3-Burjuva seçimler neticesinde oluşturulan parlamentonun biçimsel bir görüntüden ibaret olduğunu, devlet ve yönetiminin komprador tekelci sermayeye ait olup bunların sömürü, talan egemenliğinin çıkarlarına tabi işlediğini, bu özde biçimlenip işlediğini biliyoruz. Devlet ve iktidarın komprador tekelci sınıfların baskı ve egemenlik aracı olduğunu biliyor, seçimler ve parlamentonun bu devlet ve hâkim sınıfların gerici çıkarları doğrultusunda rol üstlendiğine kesinlikle iknayız.
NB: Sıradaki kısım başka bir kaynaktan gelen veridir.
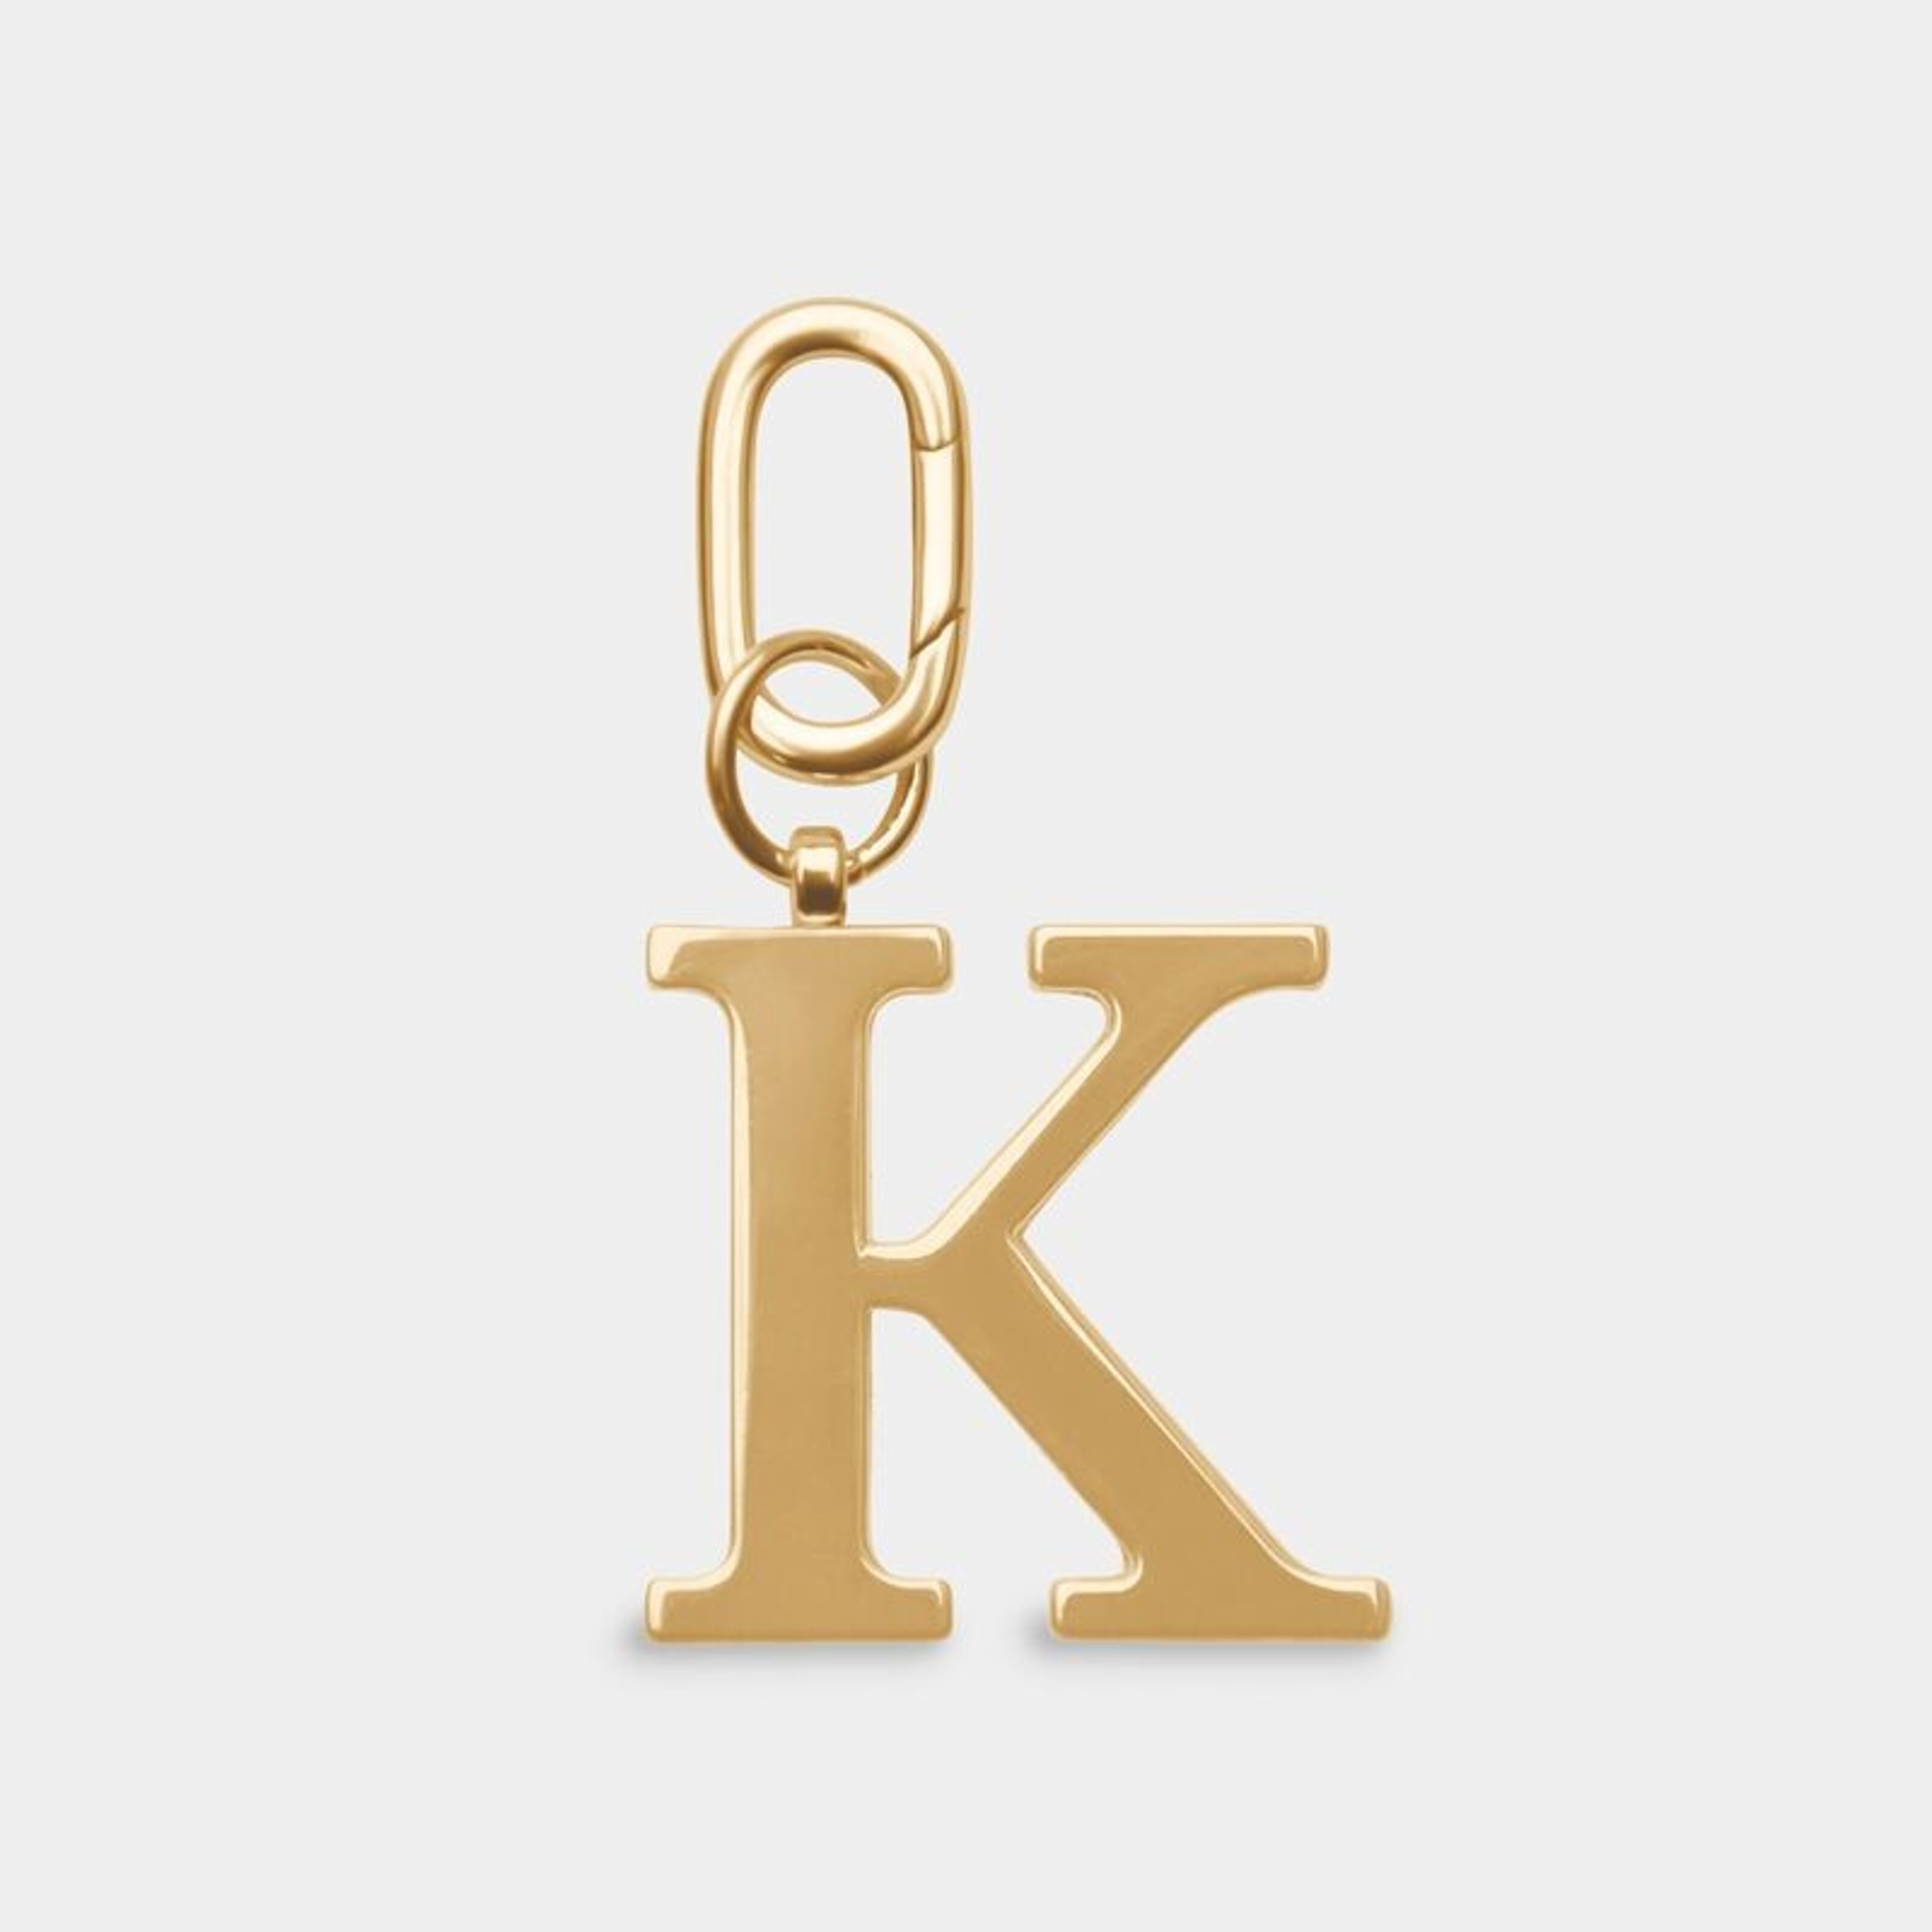 Kaufen Sie K – zu Großhandelspreisen Goldfarbener Metall-Buchstaben-Schlüsselanhänger

Seçimlerle ve dolayısıyla parlamentoda halkın hangi burjuva klik tarafından sömürüleceği, ezilip baskı altına tutulacağına karar verildiğine inanıyoruz.
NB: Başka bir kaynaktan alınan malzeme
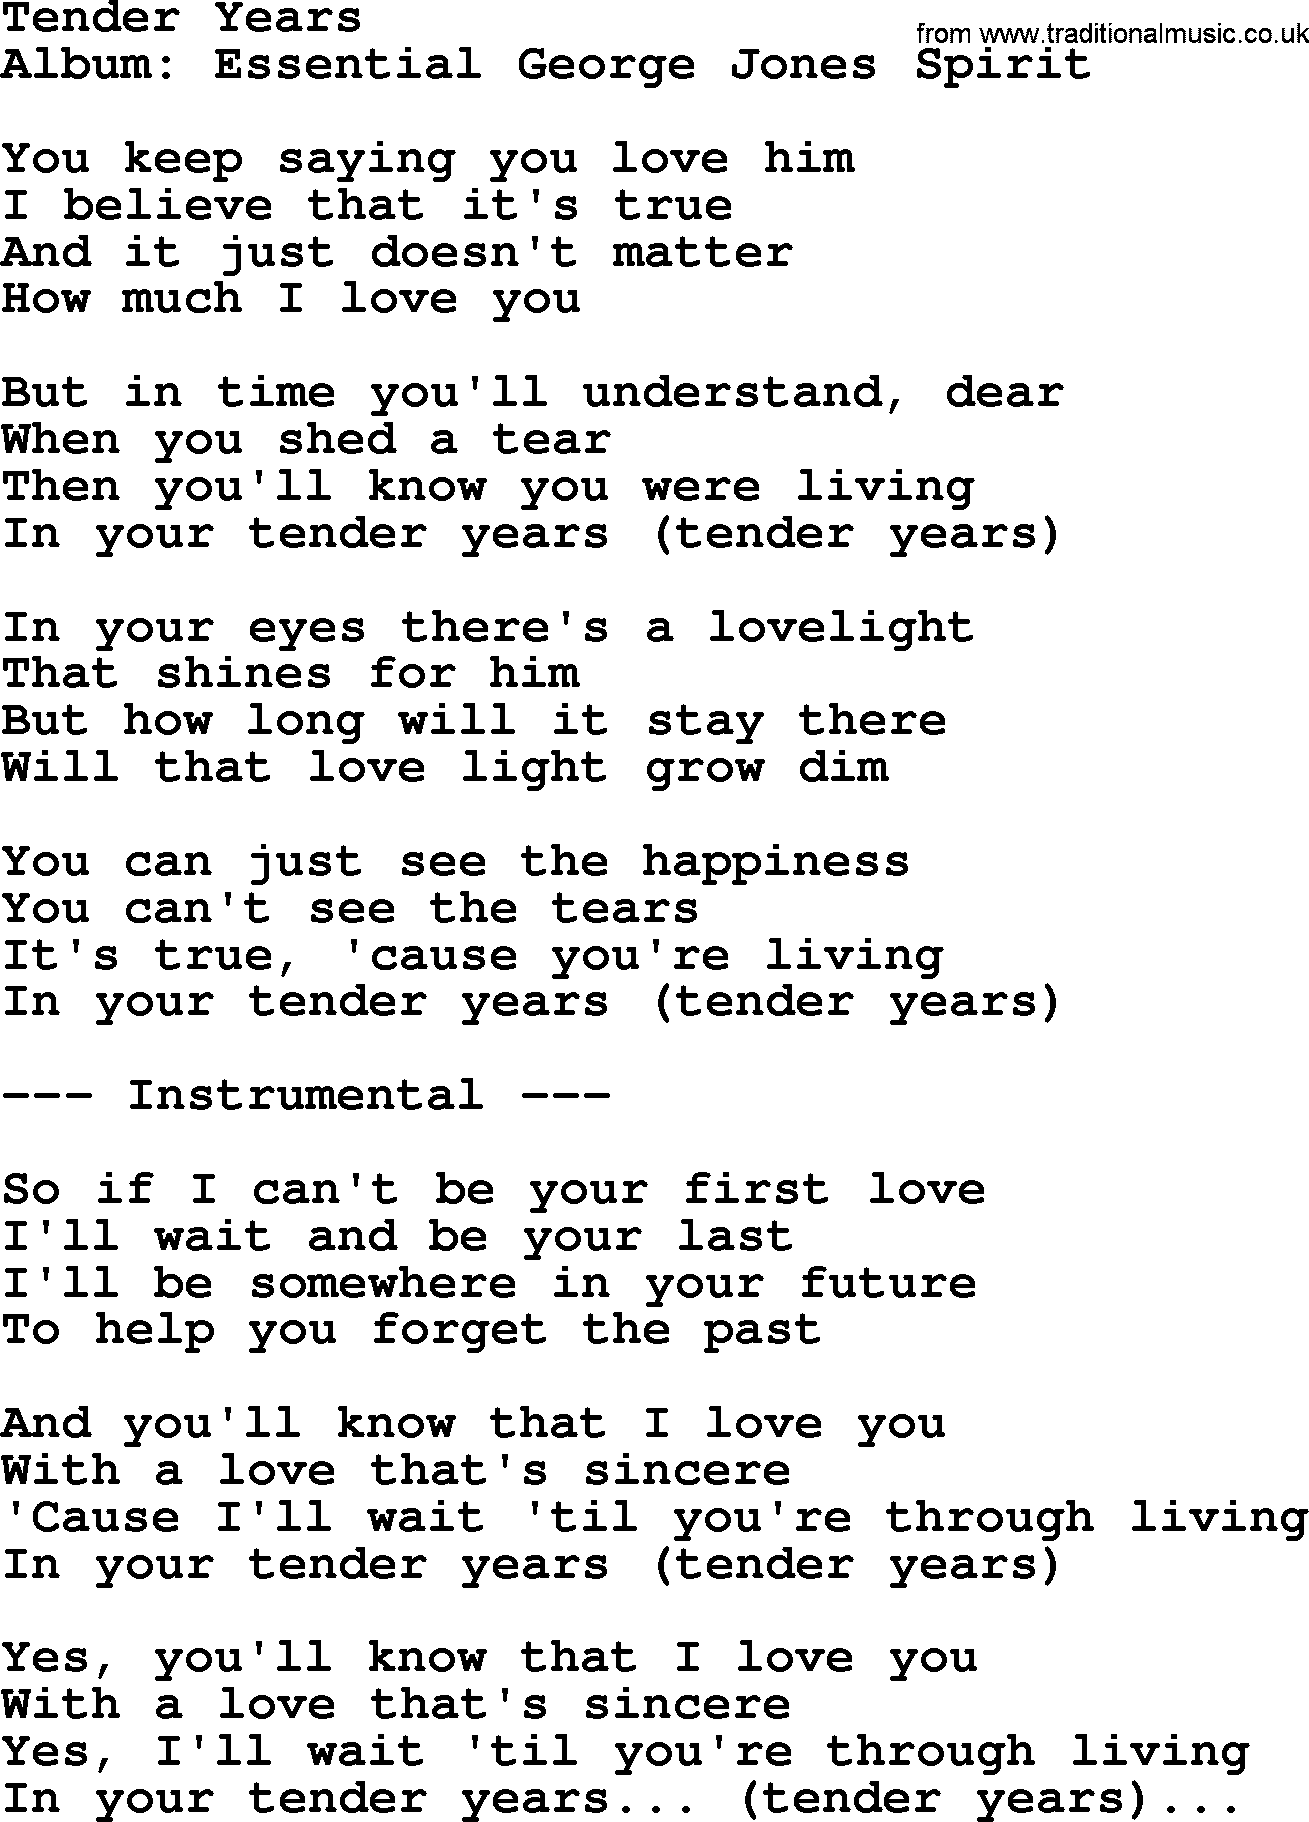 George Jones song: Tender Years, lyrics

4-Seçimlere katılma politikamızı bu vb. temel anlayışlarımız temelinde tamamen taktiksel bir yaklaşım-taktik bir siyaset niteliğinde ele alıyoruz. Parlamentoya girme siyasetimizi de tamamen bu taktik yaklaşım ekseninde, taktiksel bir siyaset olarak ele alıyoruz. Parlamento ve seçimlere dönük politikalarımız, stratejik değerlendirme ve siyasetimize bağlı olarak tamamen taktik politika ve siyasetlerdir. Parlamento ve seçimlere dönük anlayış ve yaklaşımımız taktik siyaset olduğu gibi, bu mekanizmaları stratejik olarak gerici-faşist değerlendiriyor, bunlara dönük siyasetimizi stratejik değerde ele almıyoruz. Stratejik anlayış ve yaklaşımımız bu mekanizma ve kurumların komprador tekelci sınıflara ait halk düşmanı, gerici-faşist mekanizma ve kurumlar olduğu şeklindedir. Buna rağmen seçimlere girme veya parlamentoya girme şeklindeki siyasetimizi buralardan devrim adına yararlanma temelinde tamamen taktiksel düzeyde ele alıyoruz.
5-Seçimler siyasetimiz stratejik siyaset değil, anlaşılır kesinlikte taktik bir siyasettir. Stratejik yaklaşımımız burjuva seçimleri, parlamentoyu ve bütün gerici kurum-kuruluşları devlet makinesiyle birlikte, başta egemen gericilik ve gerici sınıflar olmak üzere tüm gericiliği devrimci tarzda tasfiye etmeyi öngörmektedir. Taktik siyasetimiz bu stratejik hedef doğrultusunda kullanabileceğimiz bütün mücadele araç ve biçimlerini devrimin yararına kullanma zeminine oturmaktadır. İlke ve amaçlarımıza ters olmadığı müddetçe bütün mücadele biçimlerini kullanmaktan imtina etmeyiz anlayışı taktik siyasetimizin temel dayanağı-kaynağıdır. Kitlelerin örgütlenmesi ve onlarla birleşilmesi hedefi temelinde, kitlelerin yoğun olarak bulunduğu en gerici kurumlarda bile örgütlenmeyi reddetmeyen yaklaşım, taktik siyasetimizin dayanağıdır.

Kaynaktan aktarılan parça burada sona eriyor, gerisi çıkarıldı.